Говорят, Зейдлиц несколько дней назад снова заявил, что котел уже не прорвать никогда – ни изнутри, ни снаружи. В нем можно продержаться только до середины января, в лучшем случае до начала февраля. А потом конец. Но даже если допустить, что продвижение деблокирующих войск из направления Ростова пойдет успешно, неужели всерьез считают, что мы здесь продержимся так долго? Да, почки цепляются за каждый клочок земли это так. Но солдаты, лежащие под минометным огнем сегодня, – это уже не те солдаты, что вели бои месяц назад.
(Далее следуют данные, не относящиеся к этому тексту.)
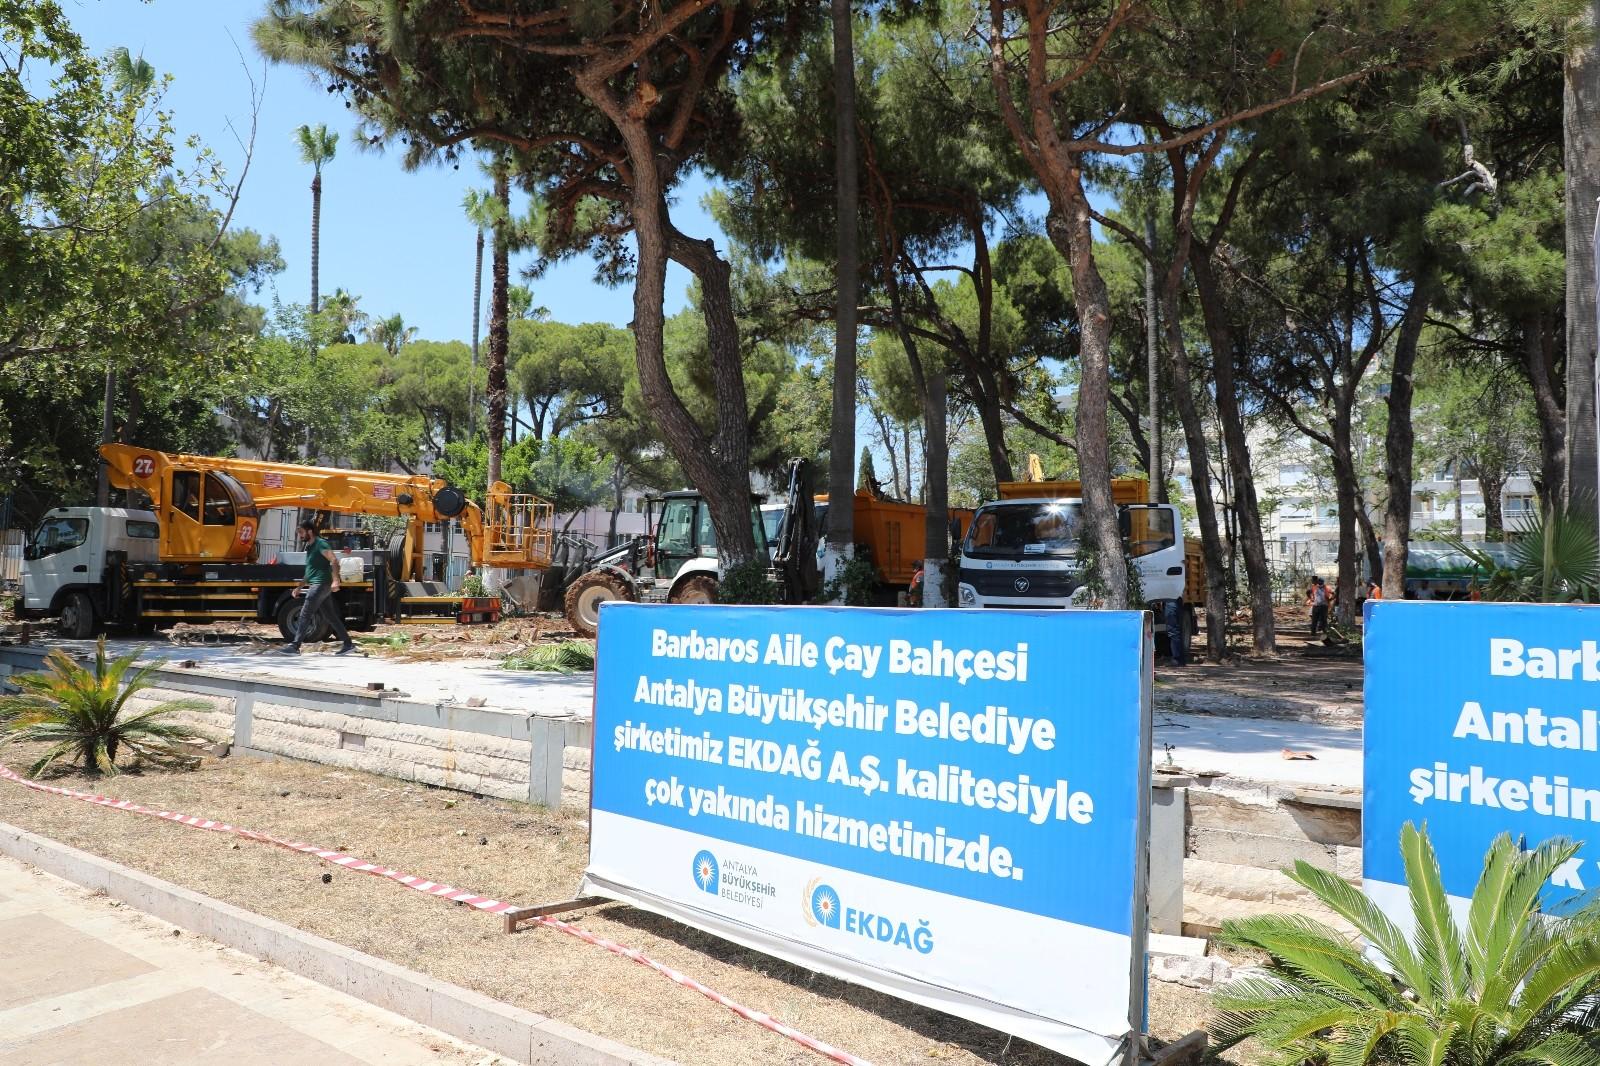 Konyaaltı Caddesi üzerindeki Barbaros Aile Çay Bahçesi Yenilenmeye devam ediliyor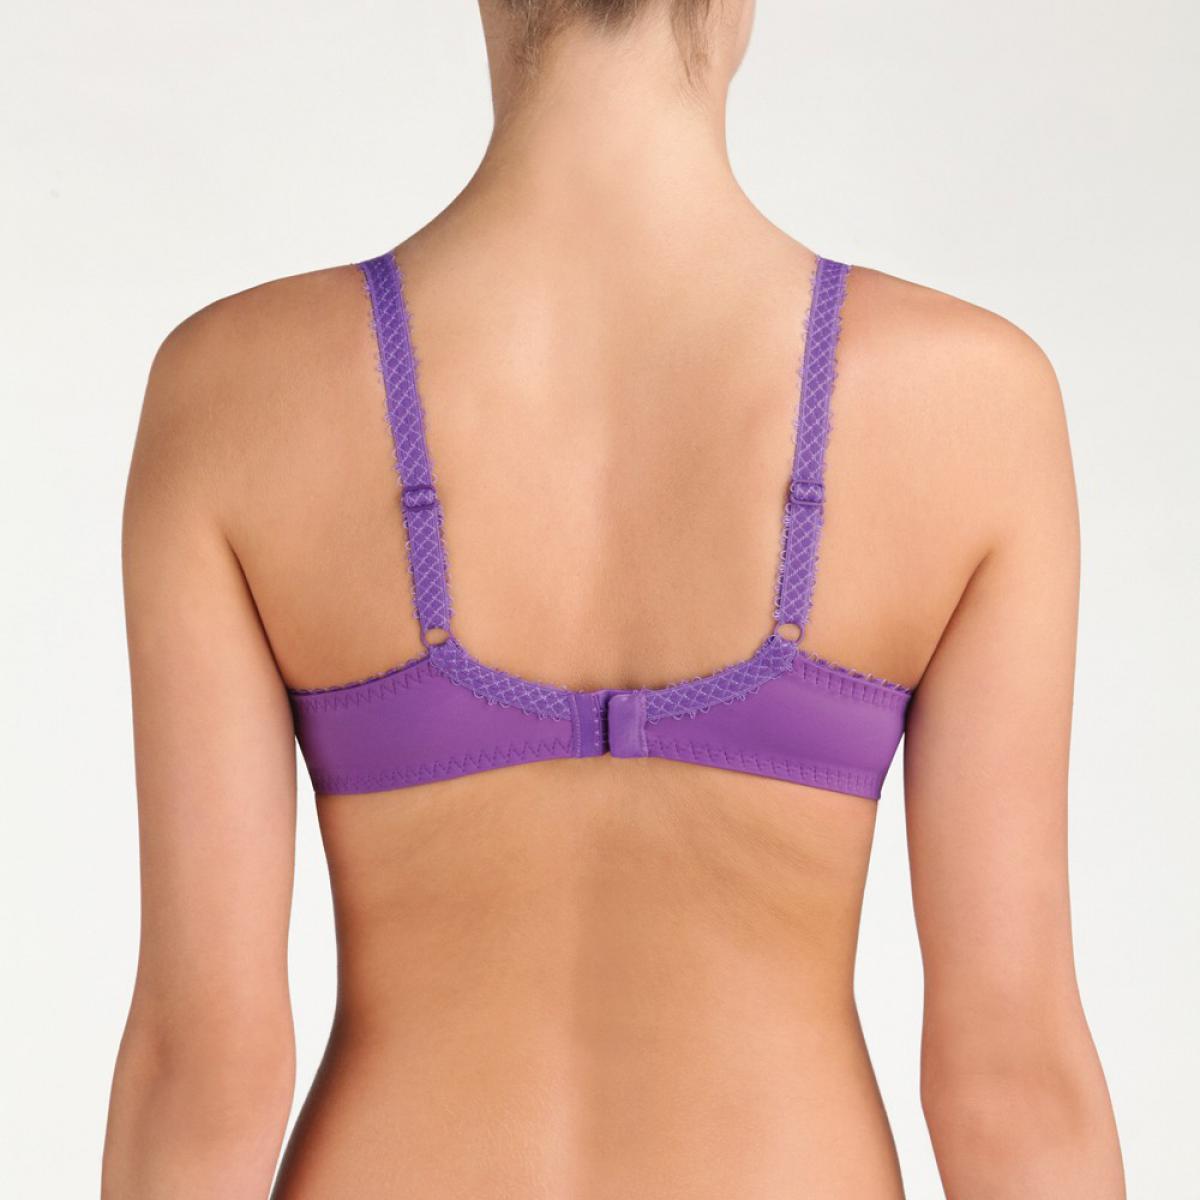 soutien gorge armatures flower elegance violet intense playtex. Black Bedroom Furniture Sets. Home Design Ideas

Те уже давно превратились в замороженные трупы, которые служат нам защитным валом, – из них сложен бруствер, простреливаемый пулями. А те, что пока еще стоят в окопах или глядят в амбразуры, – это солдаты из обозов и тыловых служб. Однажды не останется и их. Что тогда? Неужели ради одного пункта на карте действительно должны погибнуть сотни тысяч?
Иногда в голову приходит страшная мысль: мы должны умереть здесь потому, что этого хотят! Мысль чудовищная, сознаюсь. Но при методах нашей пропаганды и ее любви к красивым словам о жертвенной смерти гибель нашей армии, право, весьма кстати, чтобы подхлестнуть уставший от войны народ и вызвать в нем фанатизм, жаждущий отмщения. Да, уж пресса-то сумеет выгодно подать это: смотрите, целая армия пожертвовала собой за фюрера и рейх; отомстить за ее гибель – ваш священный долг! В меньших масштабах мы уже видели это, когда в Нарвике английский флот пустил ко дну германские миноносцы. А нас – тех, кто еще стоит здесь потому, что чувствует себя связанным присягой и не знает, как себе помочь, – посмертно превратят в нибелунгов нашего времени. Будут восхвалять нас как воскрешение древнегерманской воинской верности, мы должны будем служить примером и стимулом для немецкой молодежи. Молодые новобранцы, которые в начале войны еще протирали штаны на школьных партах, будут подражать нам в нашем безумии и ослеплении и слепо устремляться в бескрайнюю страну на Востоке. Навстречу собственной смерти. А мы стали бы для них образцом.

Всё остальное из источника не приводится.